I have read things that say people shouldn’t share their story because of the trigger effect it could have on others and that we have a responsibility for what we write to ensure this doesn’t happen. Yes, things need trigger warnings. Do not read things if you feel vulnerable . It’s ok to stop and come back to it another day. It’s ok to stop and never go back and finish reading. And it’s more than ok and a definite cert that if you read or hear something that triggers you and you need help, you seek it and seek it immediately.

But I ultimately think there is an enormous positive power in a story told. To hear the tale of someone who has been through it is worth a thousand nodding doctors who have treated someone with it. Healthcare professionals are amazing and I owe my life to them – going into a psychiatric unit was truly the best thing I ever did. Taking the medications doctors told me to take saved my life. Having EMDR therapy allowed me to rid myself of the traumatic demons my psychosis had left me with . But all of these didn’t give me the one thing I needed and that was the hope that I would get through it because someone had before me.

I truly don’t think Eastenders would have been as powerful as it was without the team there talking to Kathryn and I and the great team from Mind who also divulged their own mental health experiences to inform the story. A few months before, Eastenders covered a stillbirth storyline with equal care . It was touching and heartbreaking and the actual stillbirth episode was so incredibly raw, it almost seemed real. They worked with people with lived experience for that storyline also and you could tell. And I know someone who experienced stillbirth at 38 weeks pregnant who says watching the episodes has made her realize that she is ready to talk about her child and what happened . And her aim ? To help other mums. To show them that things don’t necessarily get ‘better’ but that with help and support,life can continue in a very different way but it can continue.

That’s real. That’s the power of sharing a story.
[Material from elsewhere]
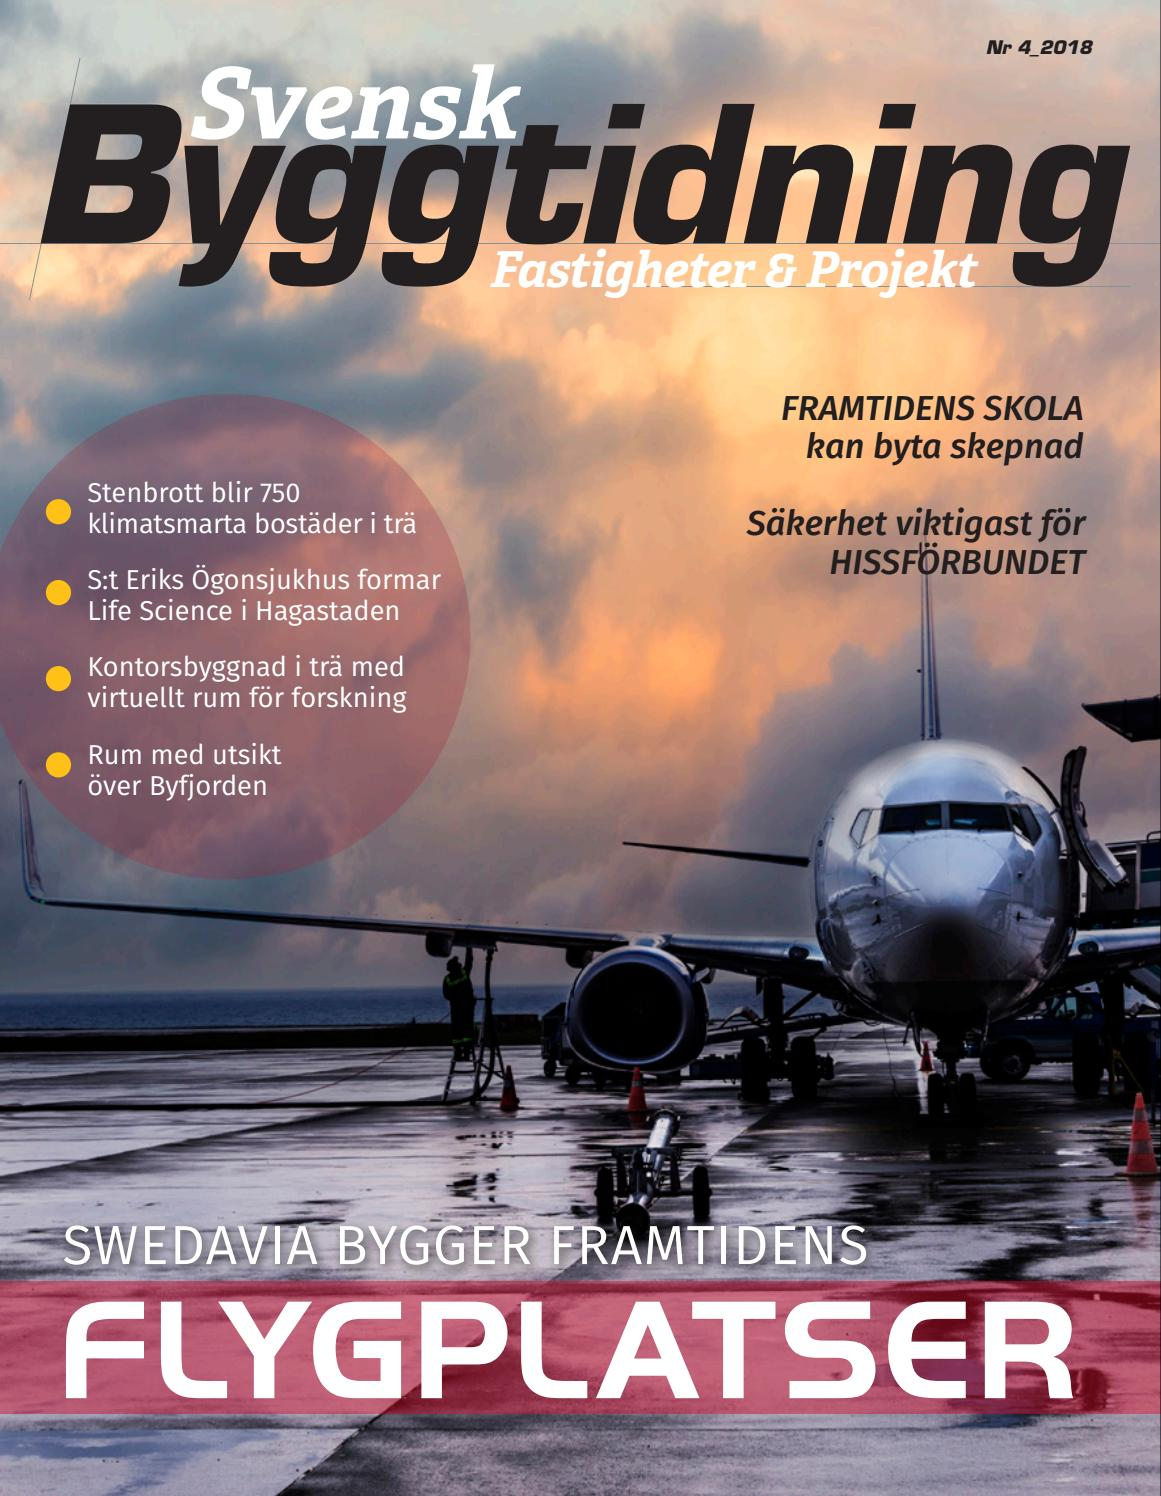 Svensk Byggtidning 4/2018 by Stordåhd Kommunikation AB - issuu

It’s not for everyone but if you feel ready , able and want to , then please know that your strength in sharing will give someone else strength when they are suffering . It may not be pretty in pink and a glitter bomb of joy but whose story is ? All of experiences are as different as our bra sizes but ultimately , we all need a good bra to support us don’t we ? If your boobs were bursting out of the side of a 32c , cutting into you causing you pain and grief and then caused you to almost gauge your eye out with a rogue underwire, you’d probably ask your mates if it had happened to them and where could you get a good bra that gives you good support and one that’s doesn’t cause your boobs to be dragged down lower. And you’d take their advice and seek out said fancy pants bra that serves its purpose – it lifts up and positions your boobs so they don’t drop or cause you pain anymore.
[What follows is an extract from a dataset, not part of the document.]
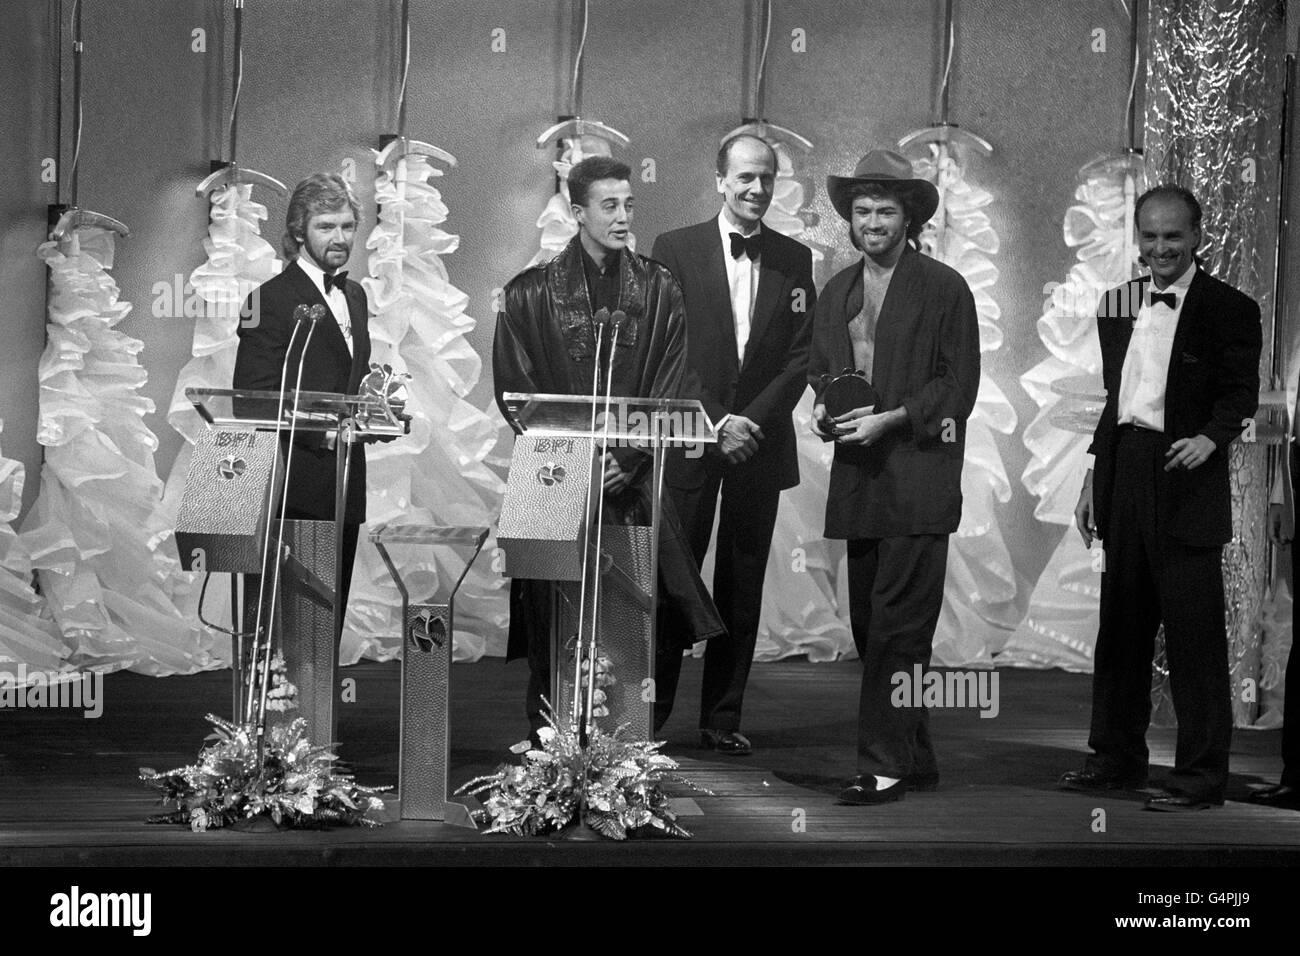 Music - British Phonographic Industry Awards (Brits) - Grovsvenor House London - Stock Image

And that is why we share our stories. Not for fame , fortune, applause or blog hits. But to help those because we were once them. So they can get a sense of hope that things will get better and that they aren’t alone. And that they can then seek support to life them, so their thoughts and feelings don’t drop and cause them pain anymore .

I may not be the same bra size as you but take a look at mine , take a look at others and see if there is something about it that could help you.

You never know. Because everyone needs a good bra in their life.